From: "Calderon, Juan C (EM, DDEMESIS)" <Juan.Calderon () ge com>
Date: Sun, 14 Sep 2003 12:07:22 -0400
Those popup windows appear when *basic*, *windows integrated* or
*Digest* authentication is used. Perhaps, you are getting a *Integrated
windows* or *Digest* authentication popup (which only works on IE
clients accessing IIS servers) watch the HTTP headers using a proxy like
Exodus or Paros to identify witch authentication are you dealing with.
Some of the possible values for *WWW-Authenticate* header are *basic*
for basic authentication (here you can use something like DownBload
suggestion), *NTLM* for windows authentication and *Digest* for digest
authentication.
I dont know a tool for brute forcing windows or digest authentication.
In fact, given those are challenge digests instead of *direct*
authentication type, I doubt a tool like that exist.
cheers :)
-----Original Message-----
From: Mark G. Spencer [mailto:mspencer () evidentdata com]

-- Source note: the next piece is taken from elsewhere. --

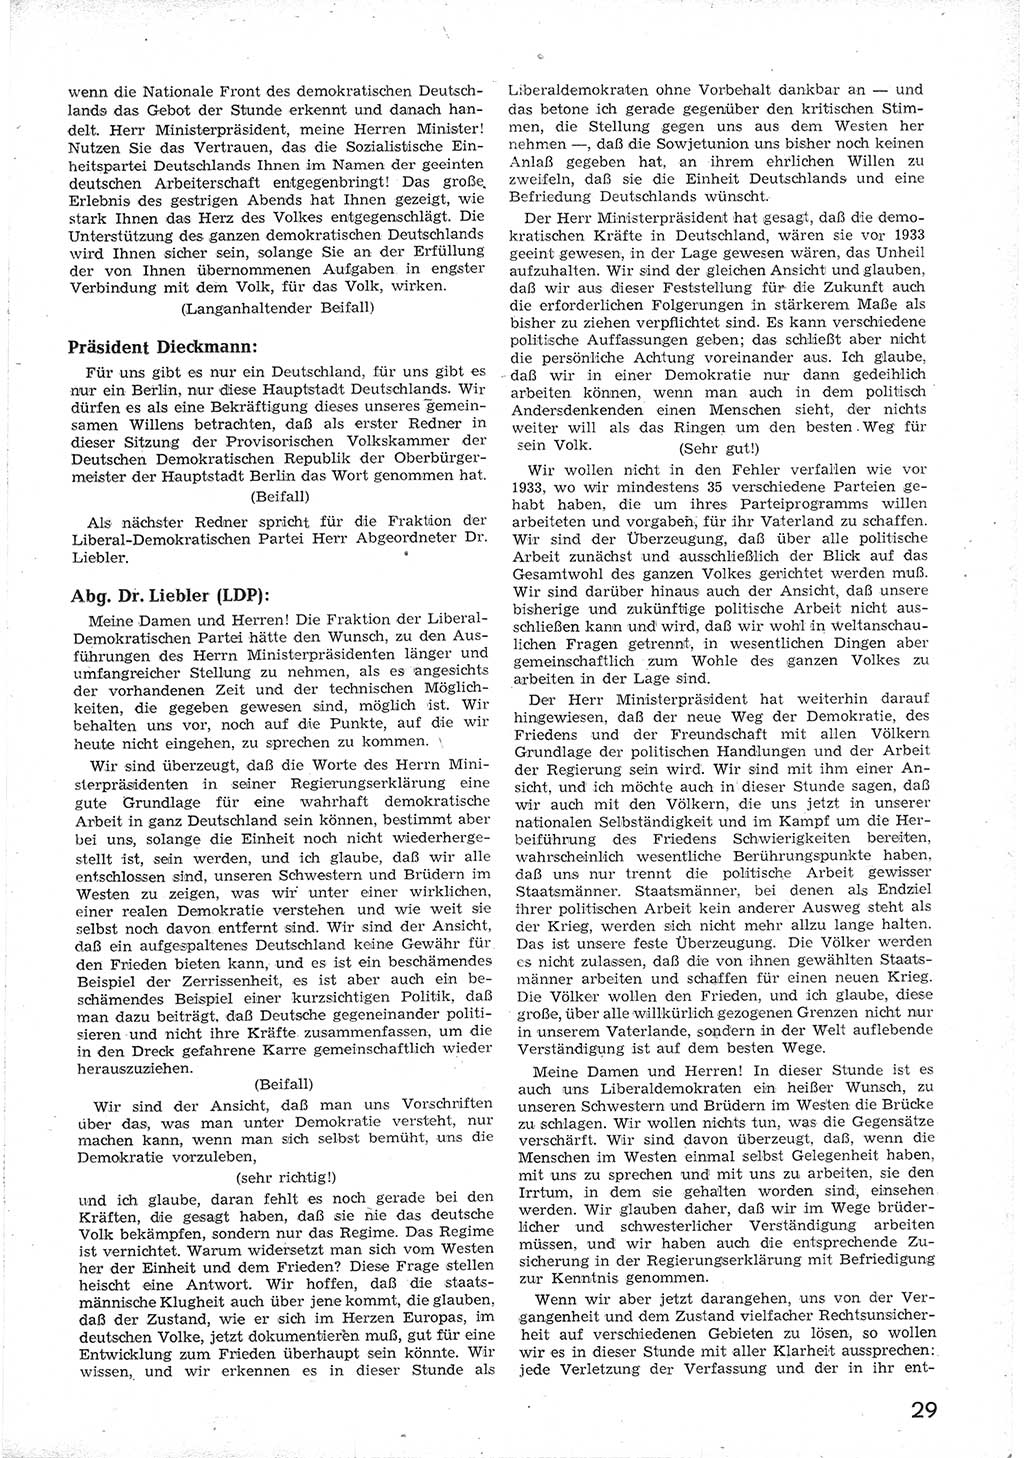 Provisorische Volkskammer (VK) der Deutschen Demokratischen Republik (DDR) 1949-1950, Dokument 41 (Prov. VK DDR 1949-1950, Dok. 41)
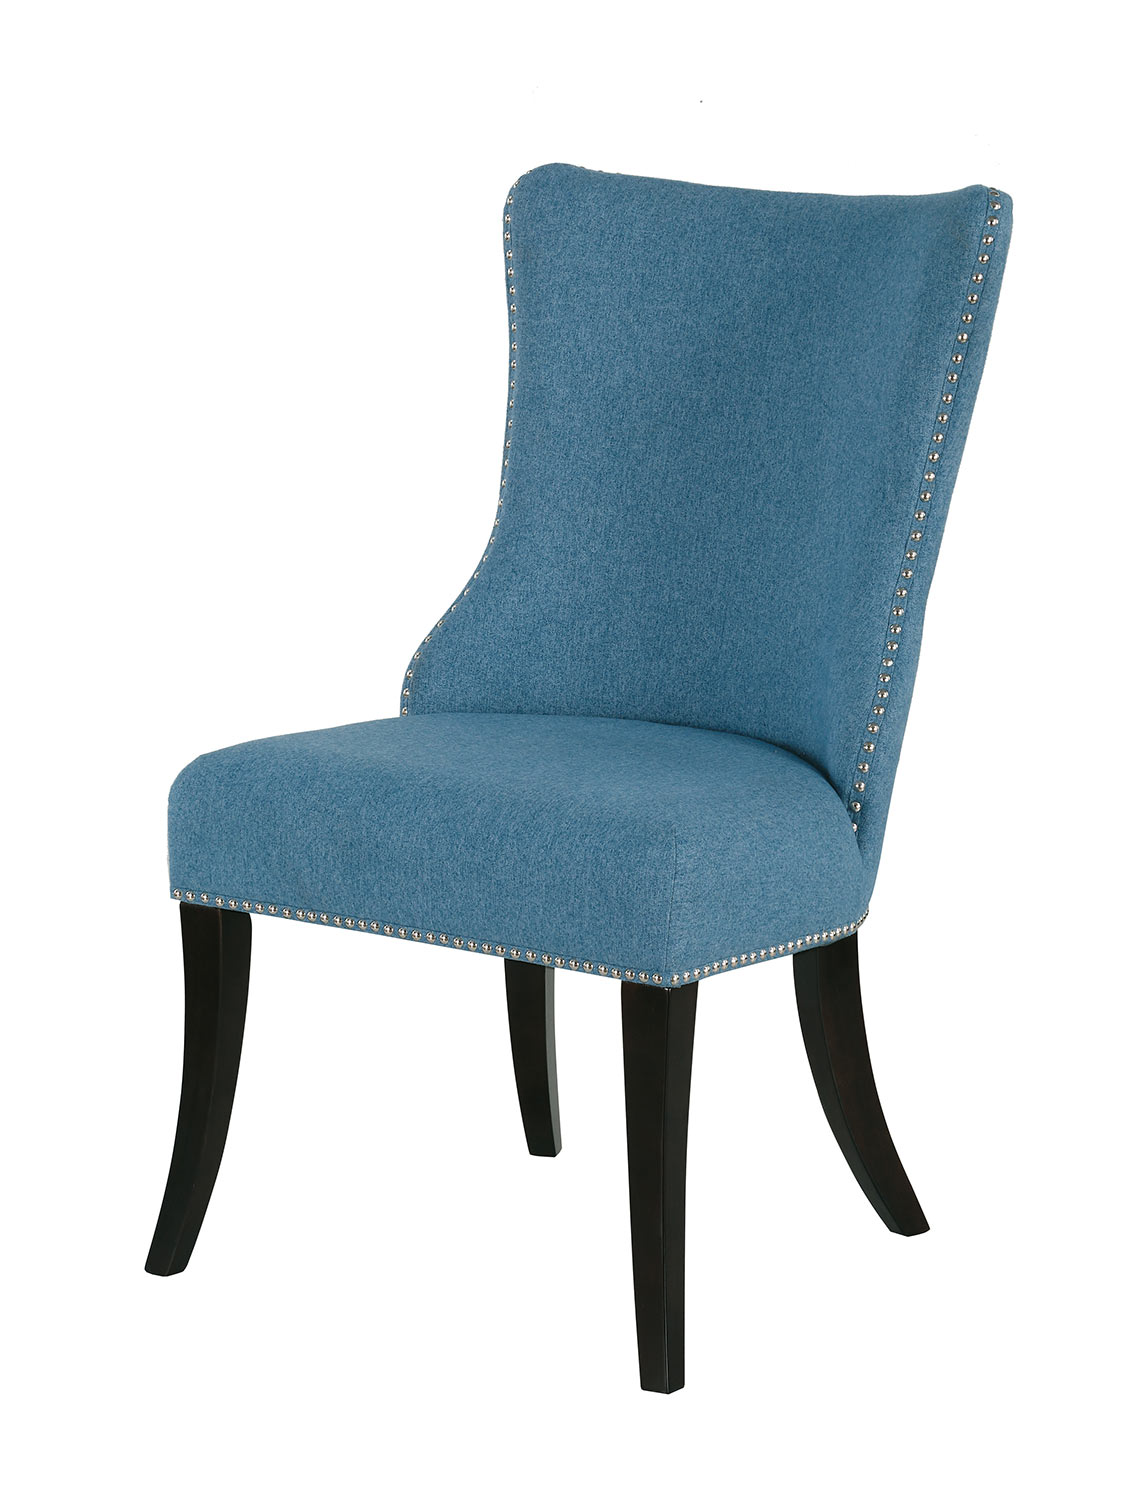 Homelegance Salema Side Chair - Blue - Dark Brown

Sent: Friday, September 12, 2003 2:56 PM
To: webappsec () securityfocus com
Subject: Dictionary and brute forcing web authentication?
I'm looking for advice on dictionary and brute forcing web
authentication.
Most of the websites I have access to at work have various kinds of
forms
based authentication. I've been playing with a plugin for Sleuth
(httpbrute_plugin.zip) and am having difficulty.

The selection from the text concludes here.